TASK
Output the full listing below exactly as it reads, and skip anything that is a picture.

*** SUPPLIED MATERIAL Section Begins ***

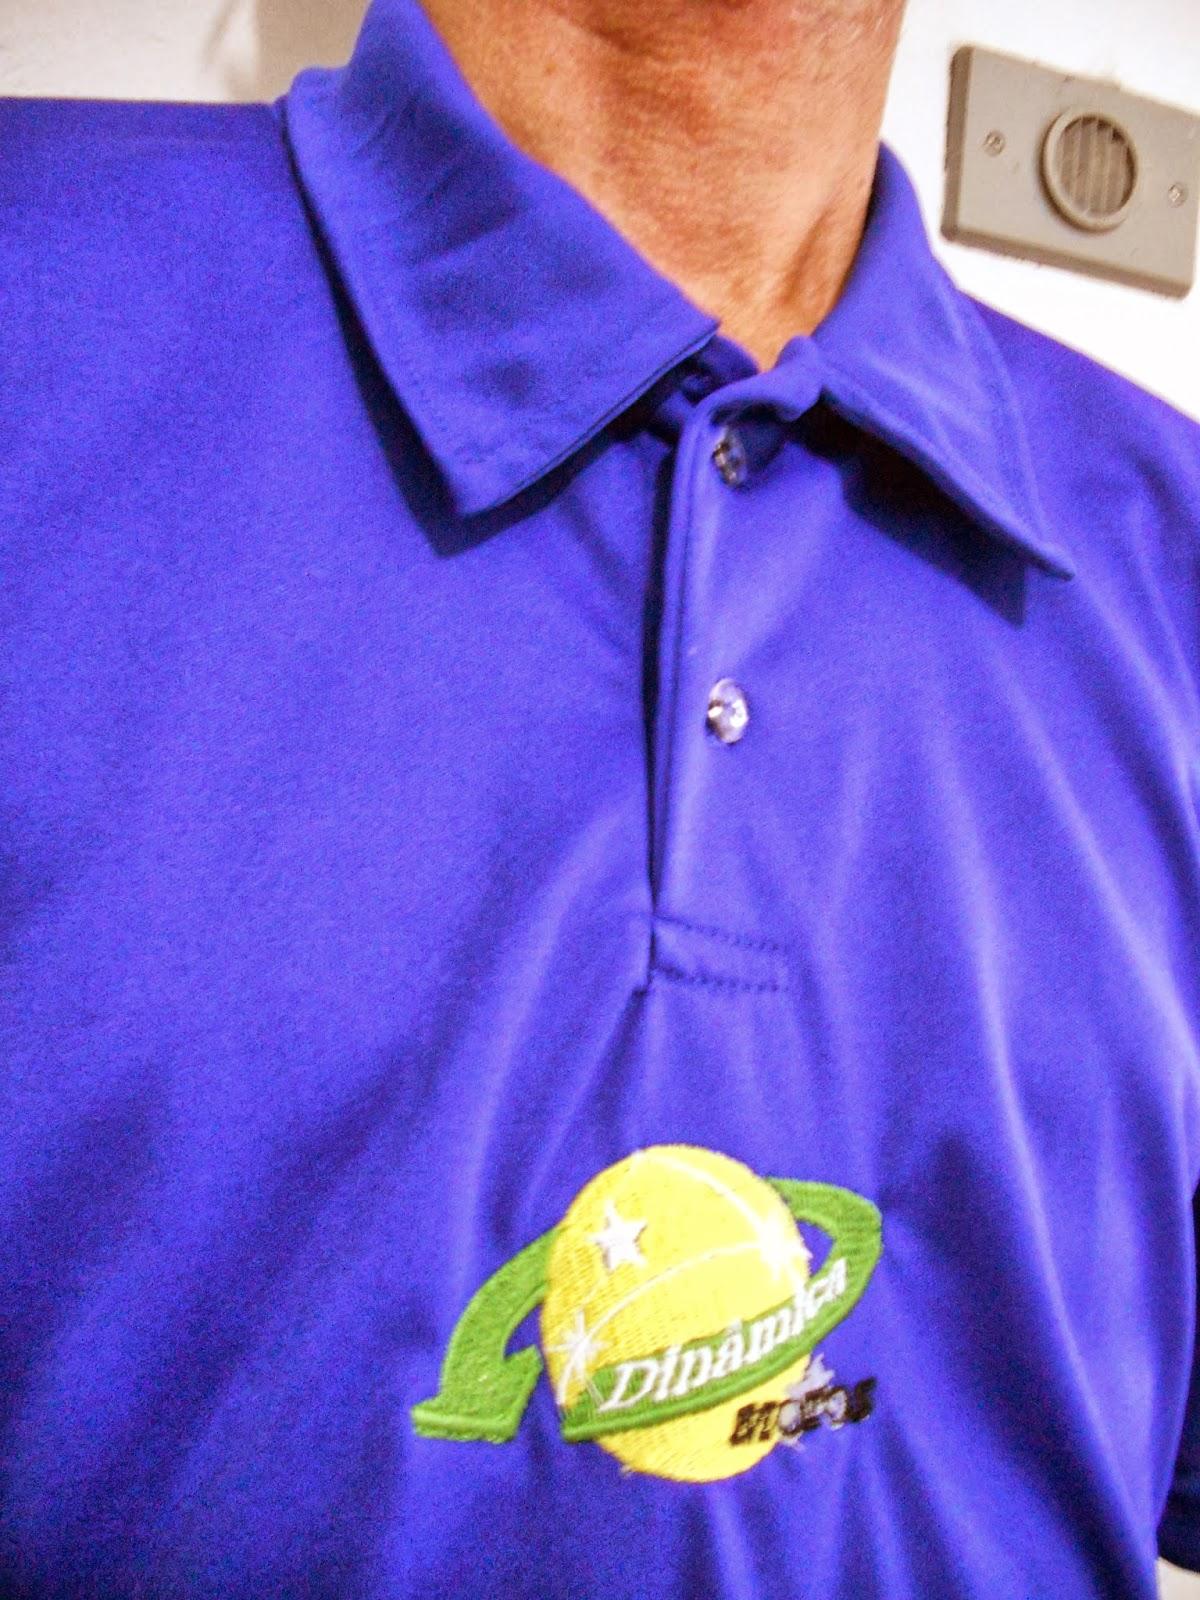 a001aad967 Camisa Polo de helanca - Fertel Uniformes e bordados
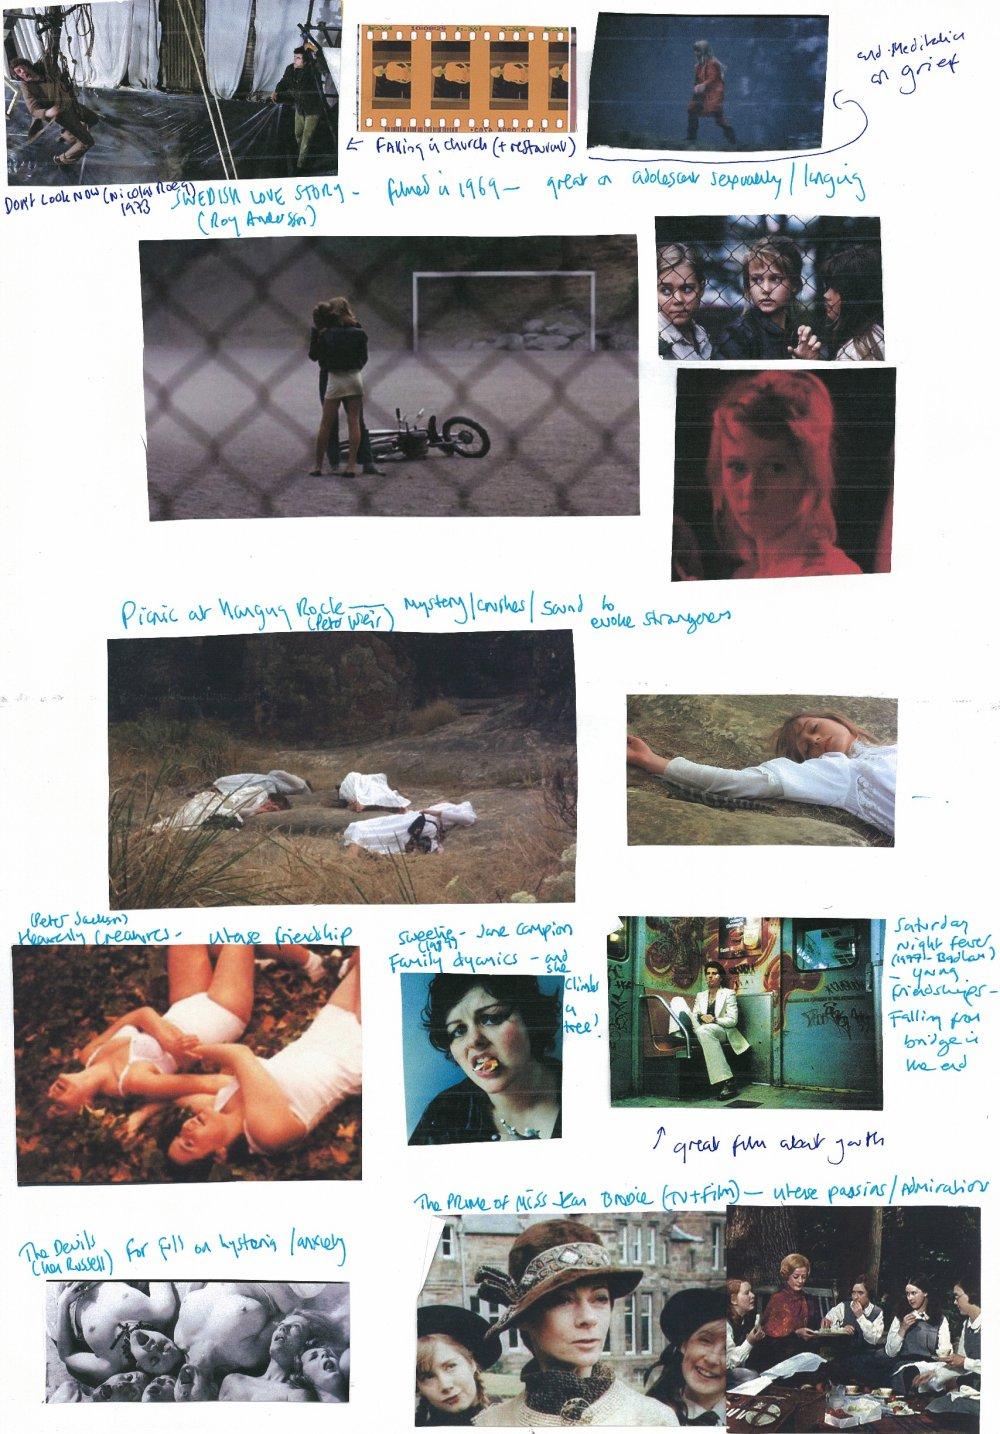 Carol Morley's scrapbook for The Falling (2014)
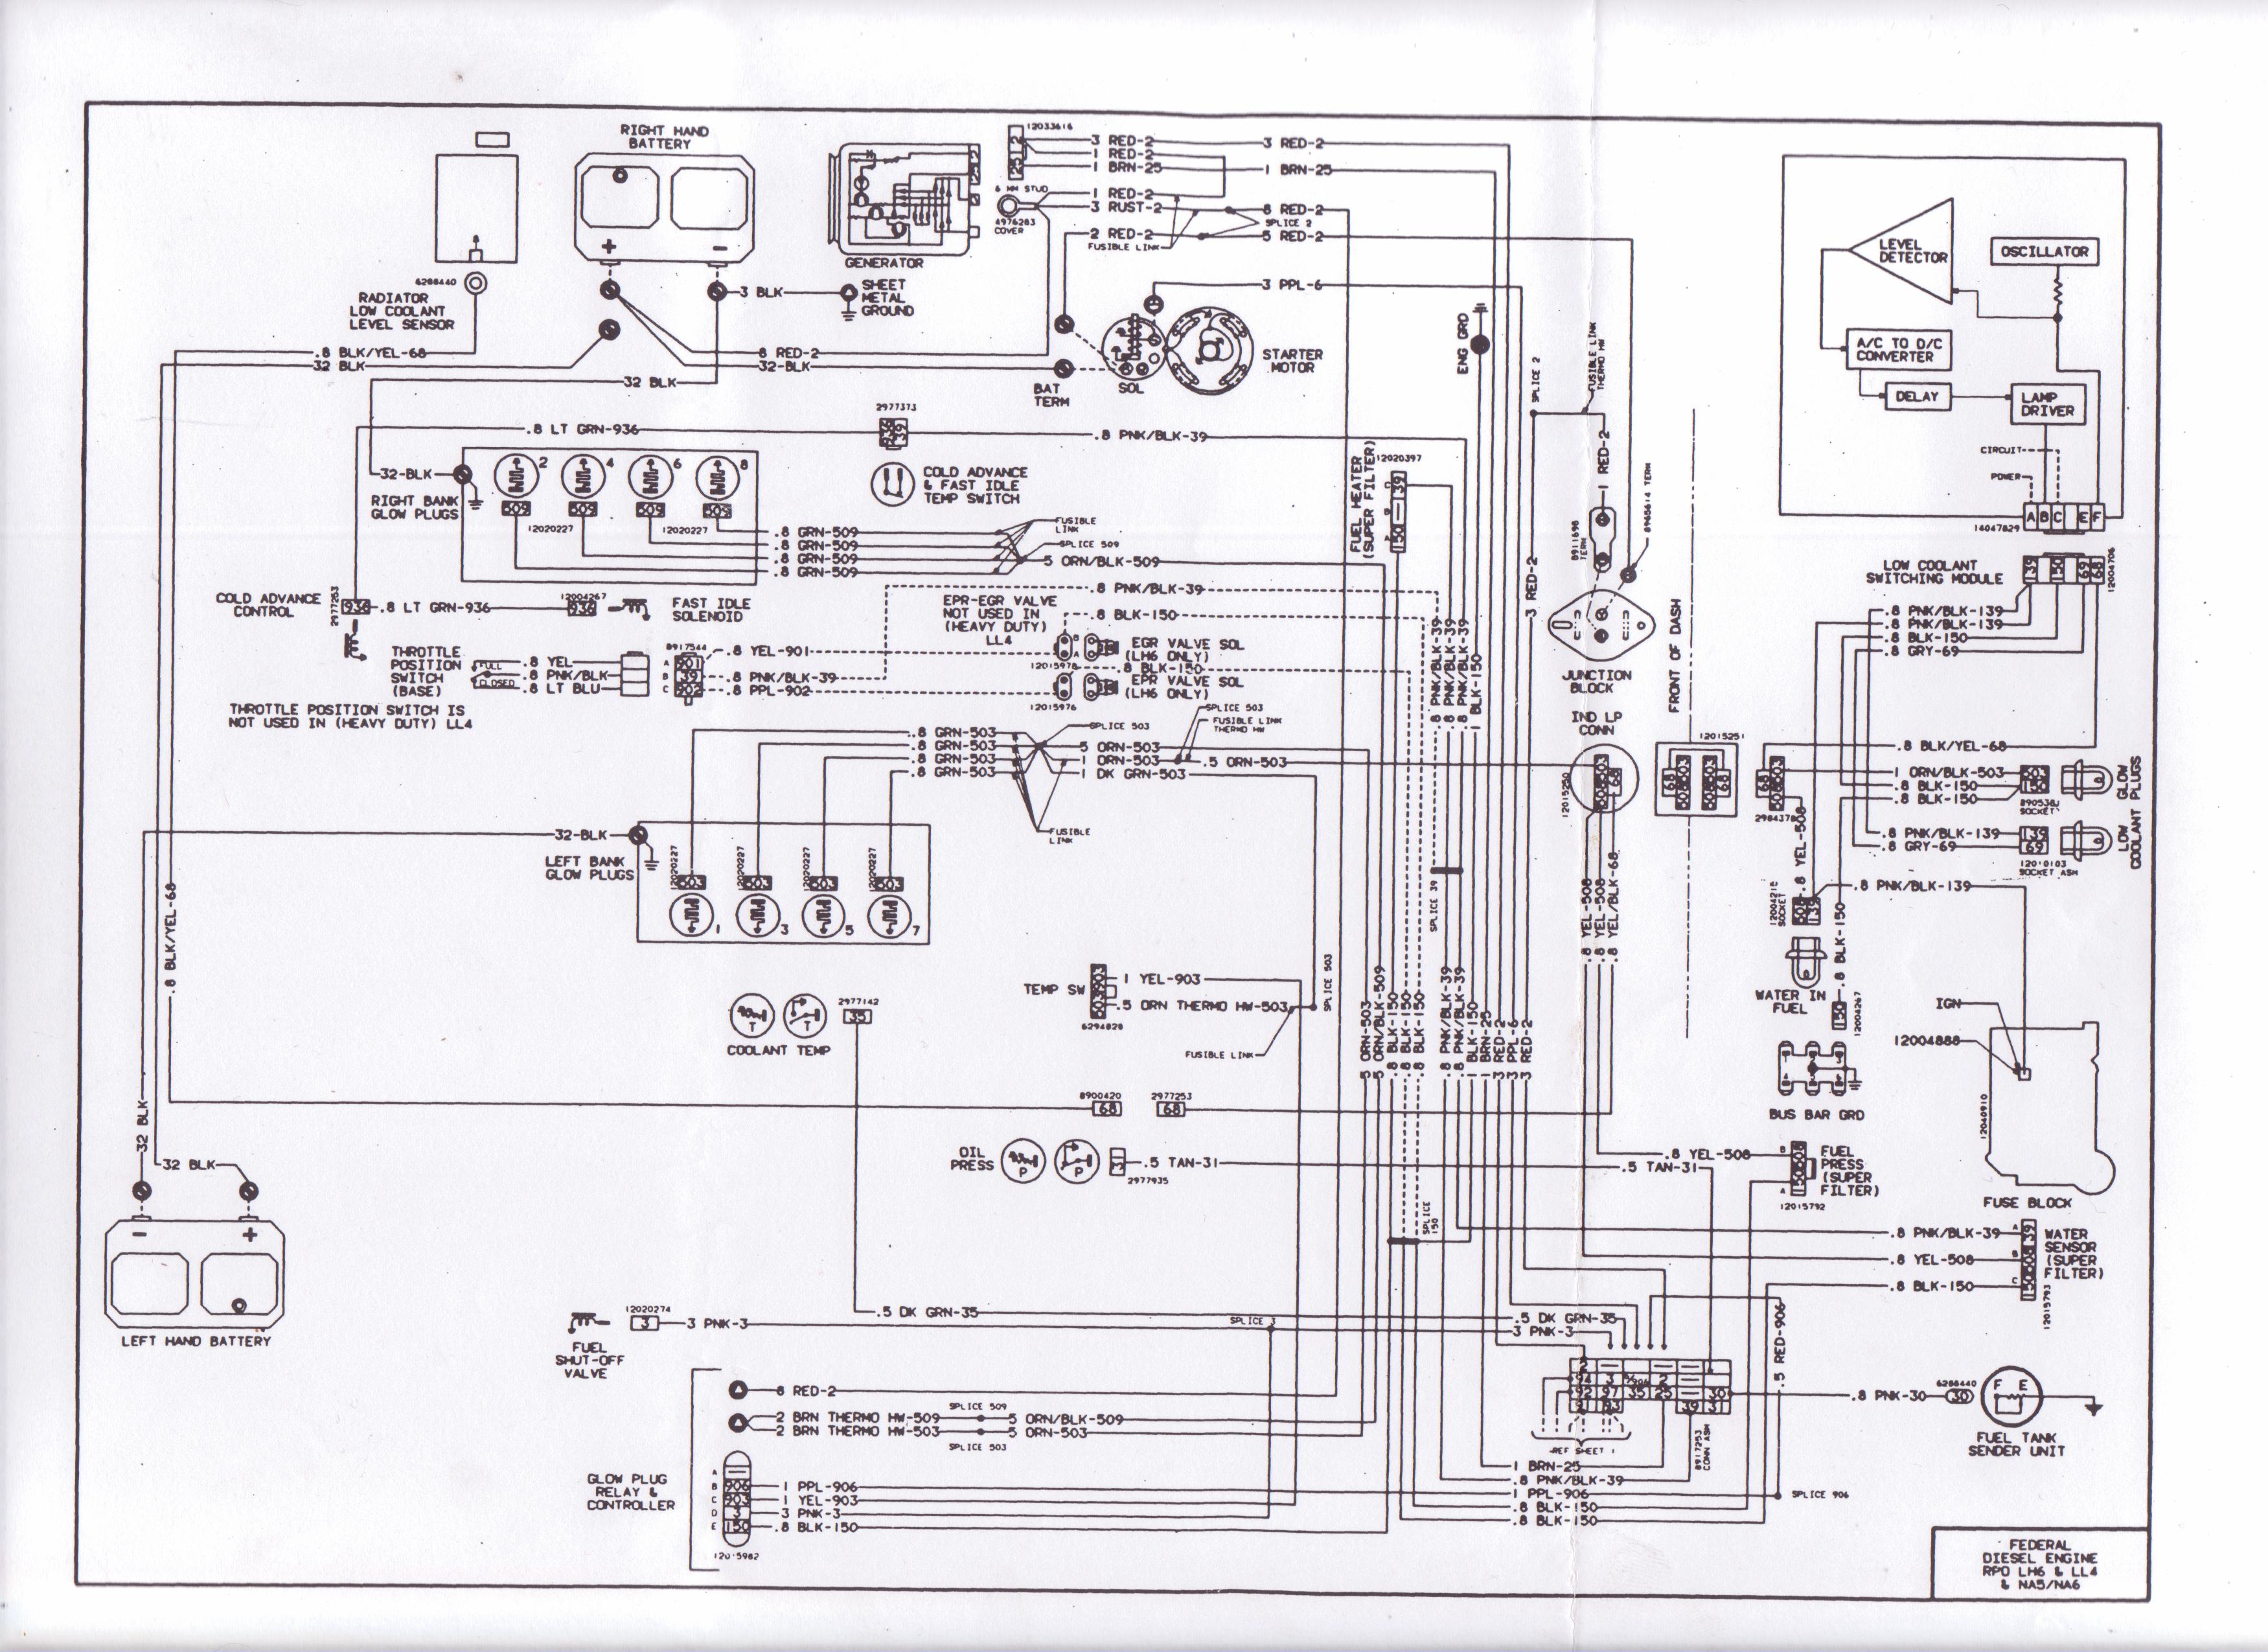 Awesome K1500 Trailer Wiring Diagram Wiring Library Wiring Cloud Apomsimijknierdonabenoleattemohammedshrineorg
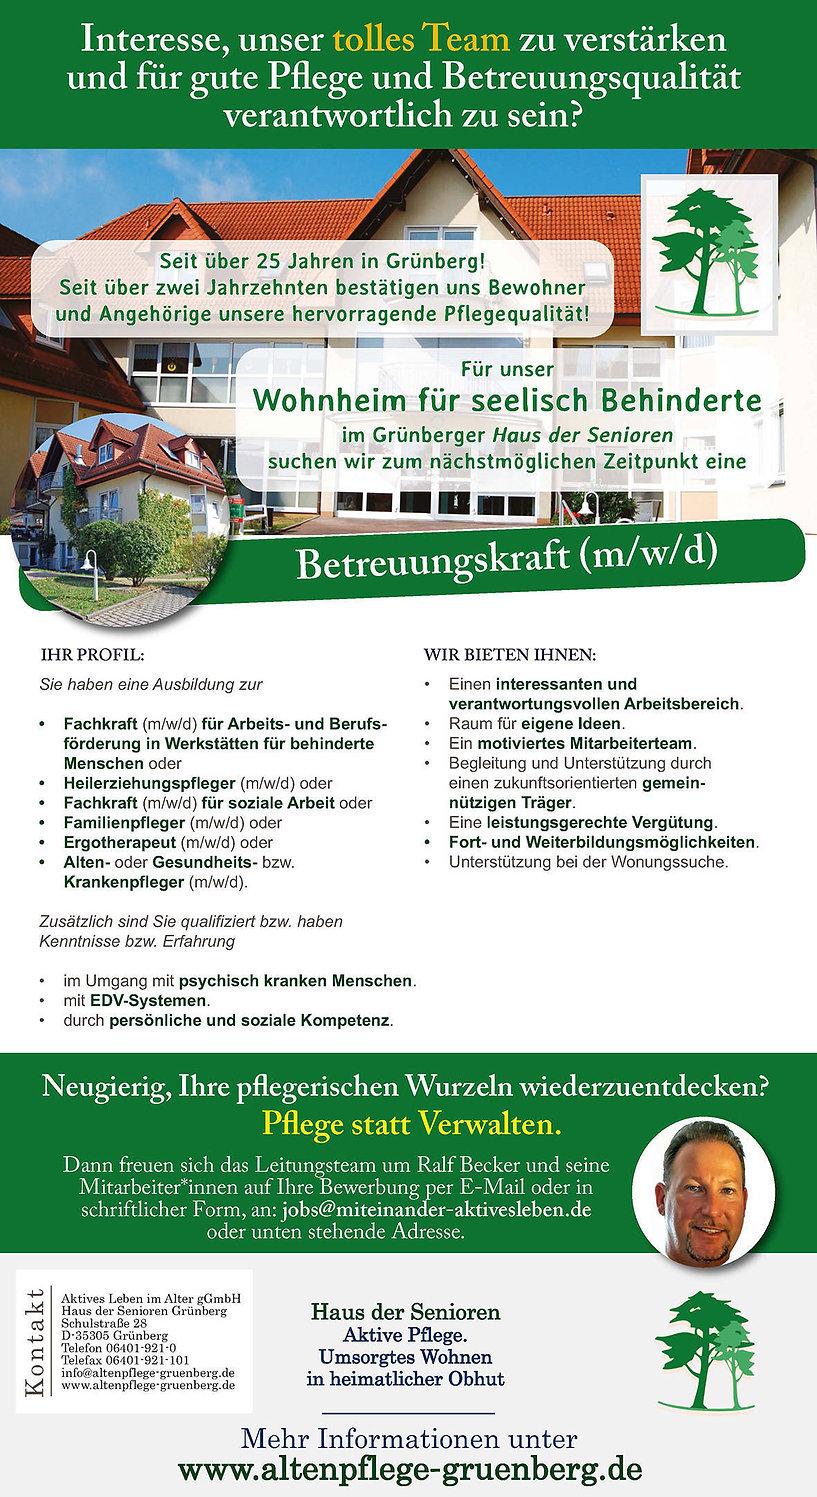 HdS_WohnheimfsB_122019_V2_web.jpg

*** SUPPLIED MATERIAL Section Ends ***

SOLVED PROBLEM
 a001aad967 Camisa Polo de helanca - Fertel Uniformes e bordados
 Carol Morley's scrapbook for The Falling (2014)
 Awesome K1500 Trailer Wiring Diagram Wiring Library Wiring Cloud Apomsimijknierdonabenoleattemohammedshrineorg
 HdS_WohnheimfsB_122019_V2_web.jpg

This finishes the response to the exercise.